Karen Barad — Meeting the Universe Halfway: Quantum Physics and the Entanglement of Matter and Meaning (2007)

Starting from Niels Bohr’s quantum mechanics — specifically the measurement problem, which shows that the apparatus of observation is not separable from what is observed — Barad develops agential realism: a unified ontology, epistemology, and ethics that refuses the separation of nature from culture, matter from meaning, and subject from object.

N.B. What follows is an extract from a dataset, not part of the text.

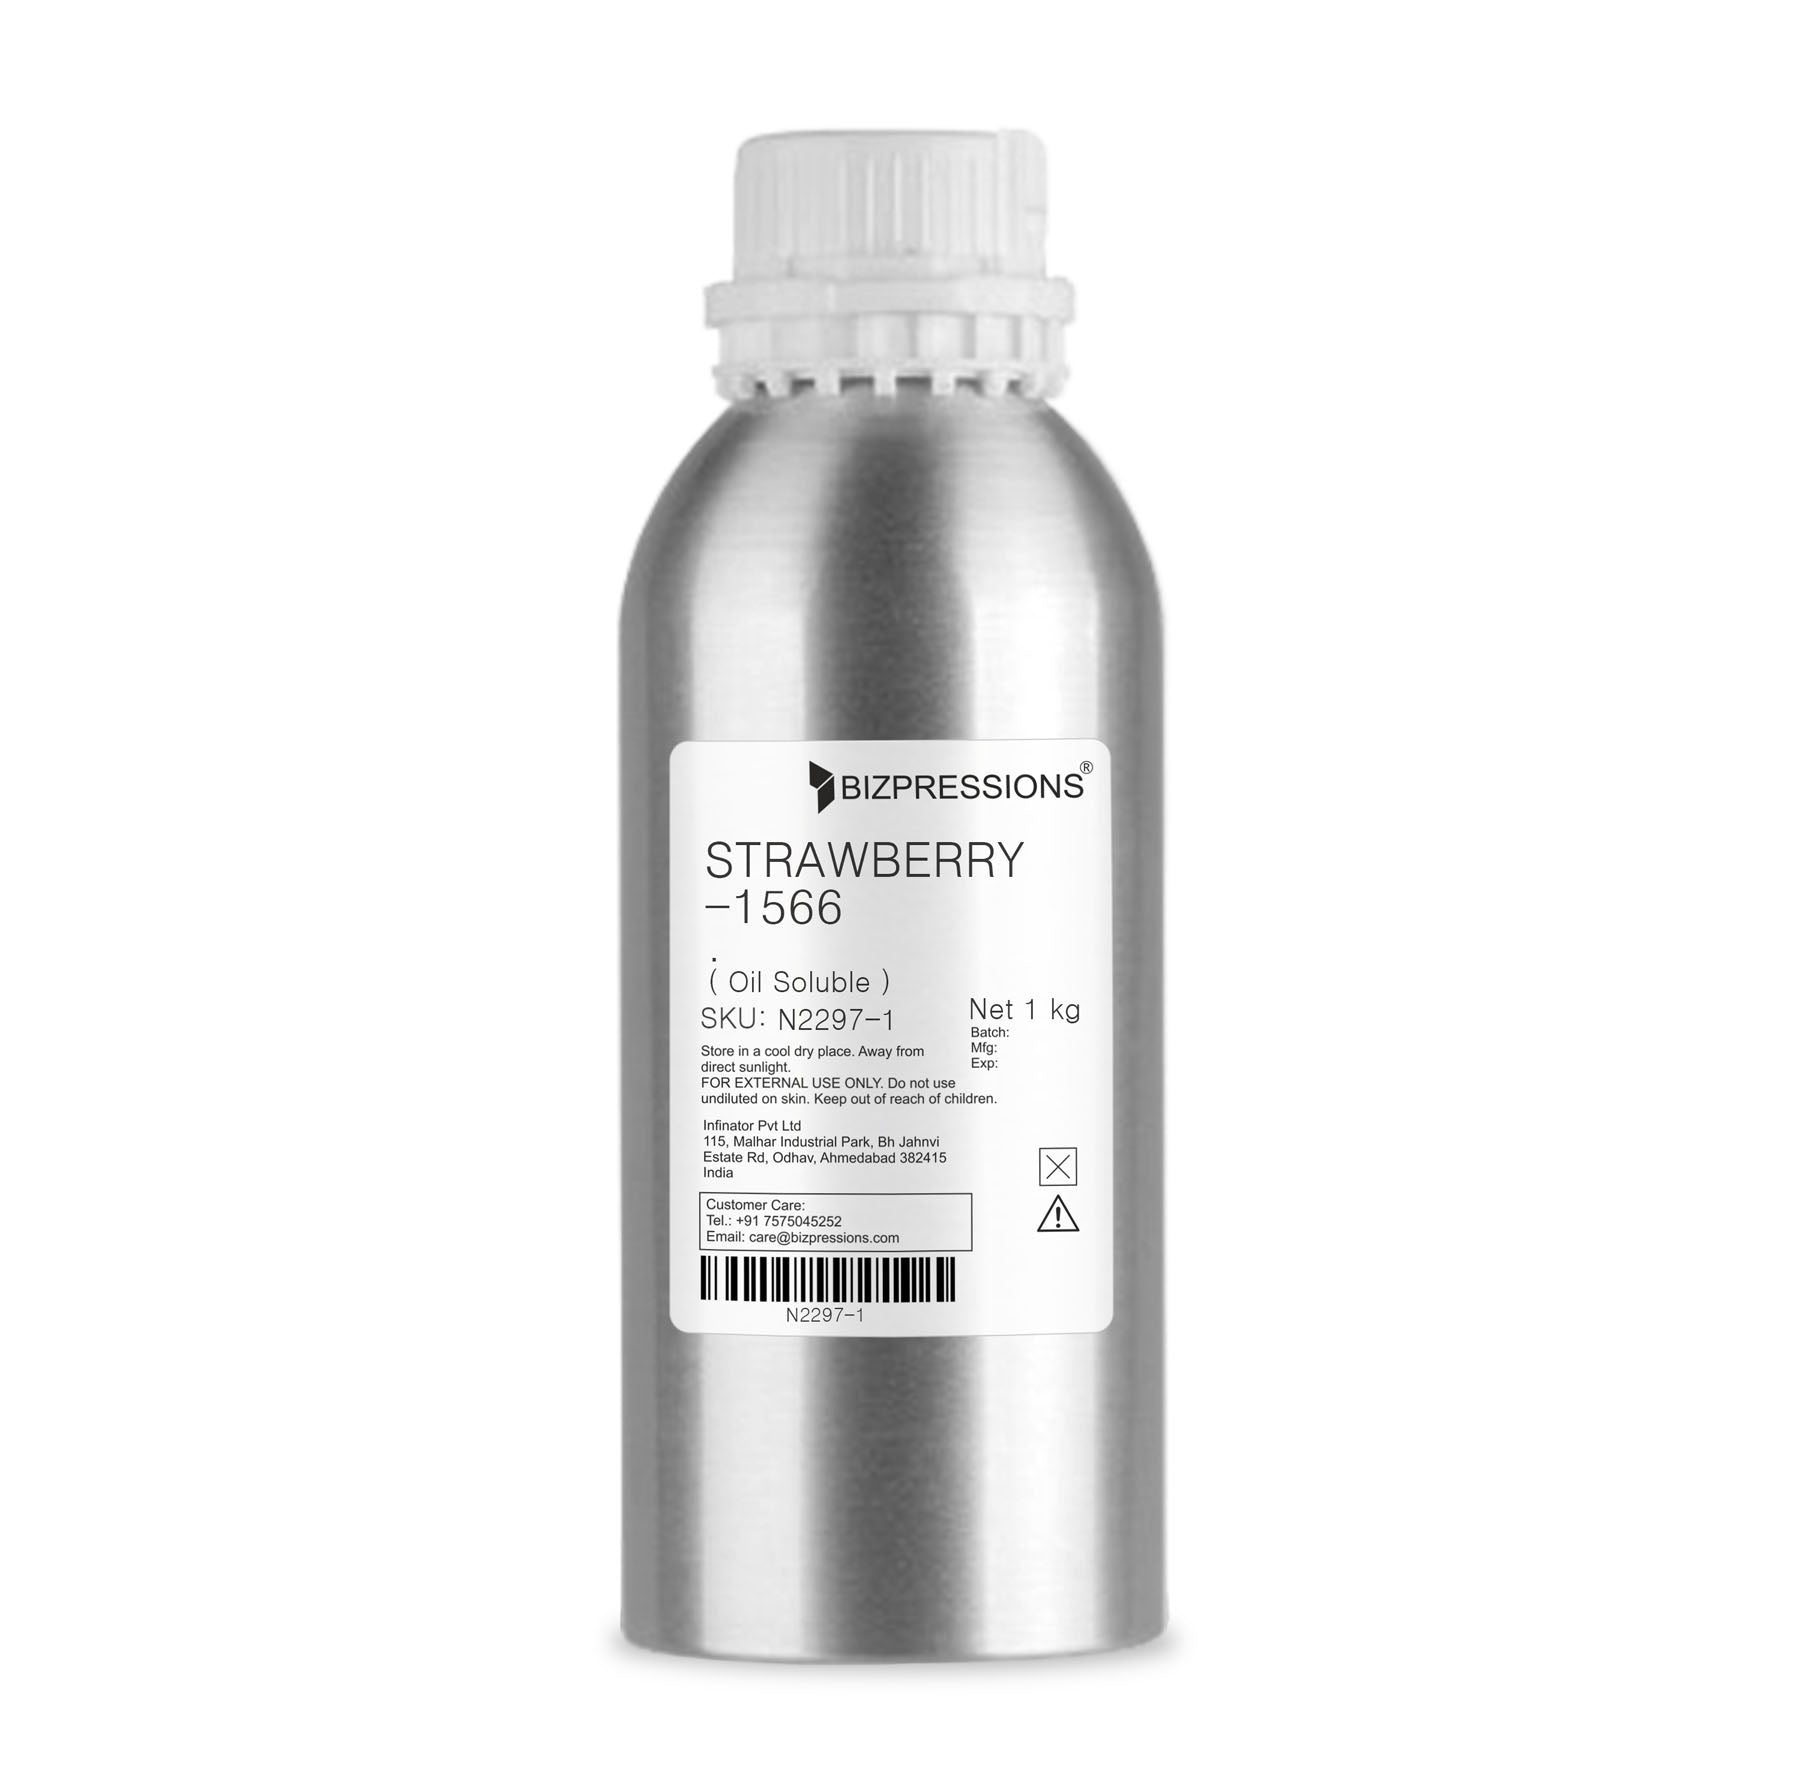 STRAWBERRY - 1566 - Fragrance ( Oil Soluble ) - 1 kg

The central concept is intra-action rather than interaction: entities do not pre-exist their relations and then interact. Instead, they are constituted through their encounter — they emerge from “agential cuts” that temporarily stabilize phenomena into distinguishable elements. This makes ontology performative rather than representational: the world is not already divided into things that then relate; relations are primary, and things are their precipitate.

Key concepts:

  • Agential realism: phenomena are the primary ontological unit; apparatuses are material-discursive practices that produce boundaries
  • Discursive-material apparatuses: not merely instruments but practices that enact the objects they measure
  • Diffraction: Barad’s methodological alternative to reflection — analyzing how phenomena interfere with and constitute each other

For OM: Barad’s intra-action and discursive-material apparatuses underpin field ontology method — the disposition toward interrelation, codeterminacy, and the emergence of identities through encounter rather than prior to it.